Нестоек дозорный, бдительность его усыпил варвар. Пустыня одолела его, и он позволил воротам бесшумно повернуться в ночной тишине на смазанных петлях, чтобы варвары оплодотворили крепость, истощённой крепости нужен варвар.
Спящий часовой. Авангард противника. Ты уже завоёван, твой сон означает, что ты уже не принадлежишь городу, узел развязался, ты ждёшь преображения, ты — поле, приготовившееся принять семена.
А я представил себе город, разрушенный по милости твоего сна, потому что ты узел всему и ты всему развязка.
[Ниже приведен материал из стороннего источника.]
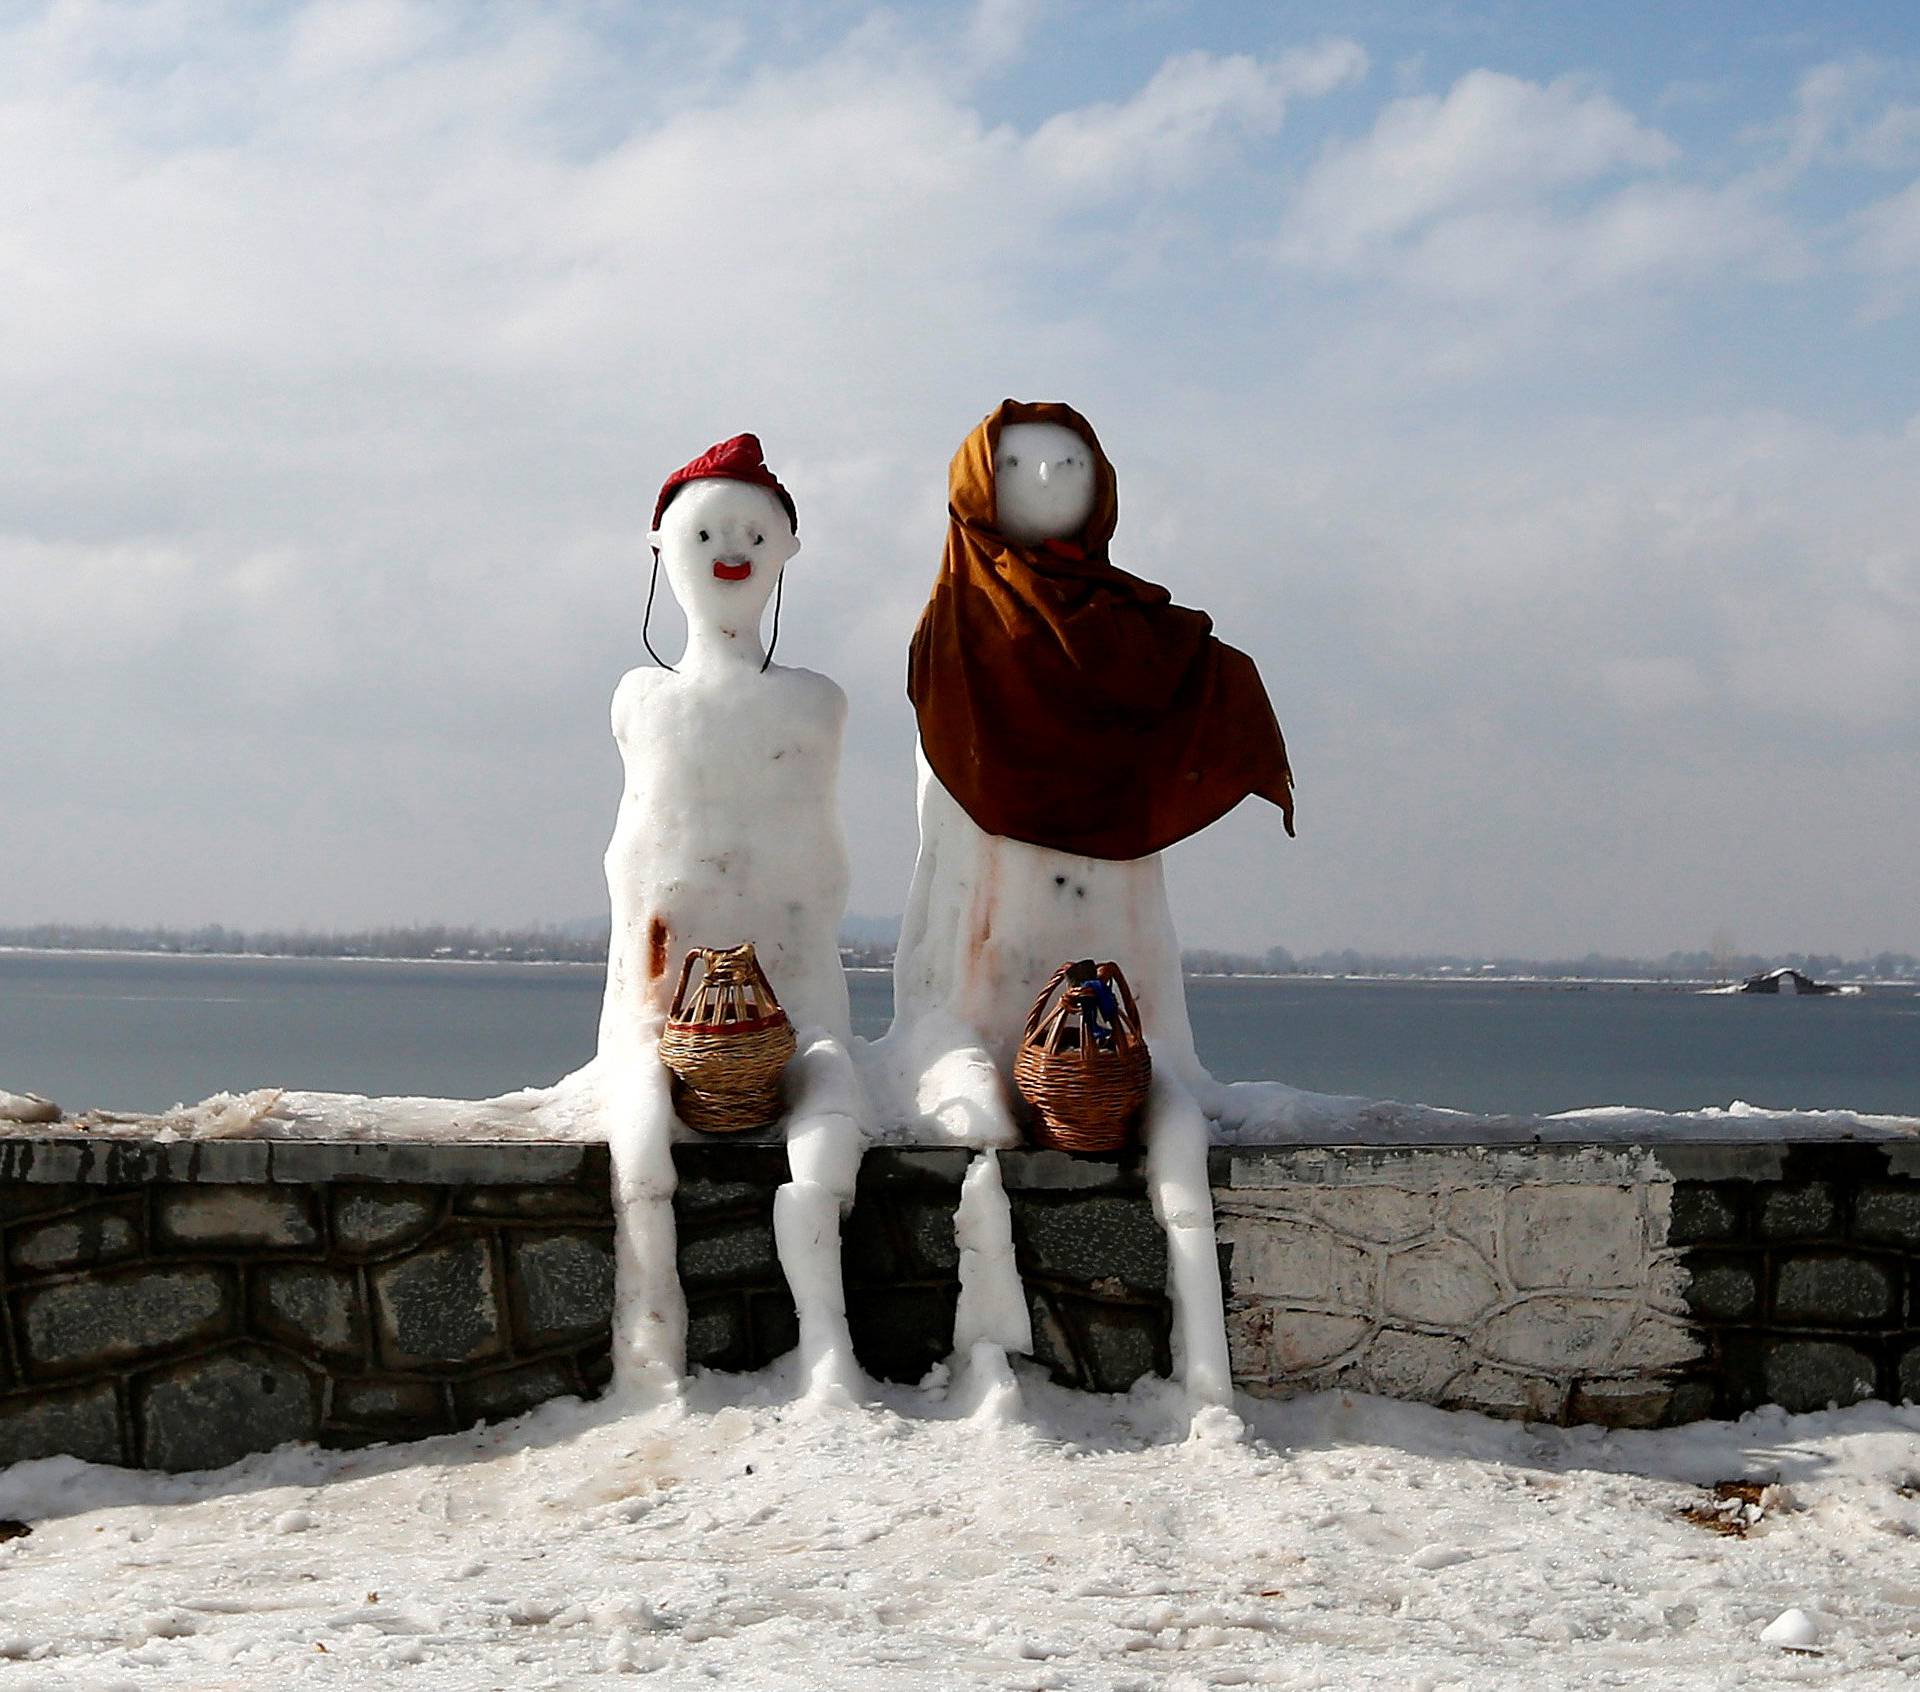 A snow man and a snow woman with "Kangris", traditional fire pots, are installed on the banks of Dal Lake in Srinagar

Как ты прекрасен, дозорный, когда ты настороже, ты — чуткие уши и зоркие глаза моего города... Как благородна твоя любовь к городу и куда умнее рассуждений всех логиков, которые не любят, а делят его. Для них вот здесь больница, там тюрьма, а тут дом друзей. И дом этот тоже разделён на части, они видят одну комнату, другую, третью. А в комнатах видят вещи — одну вещь, другую, третью. И что они сделают с такой грудой вещей, из которой ничего не хотят построить?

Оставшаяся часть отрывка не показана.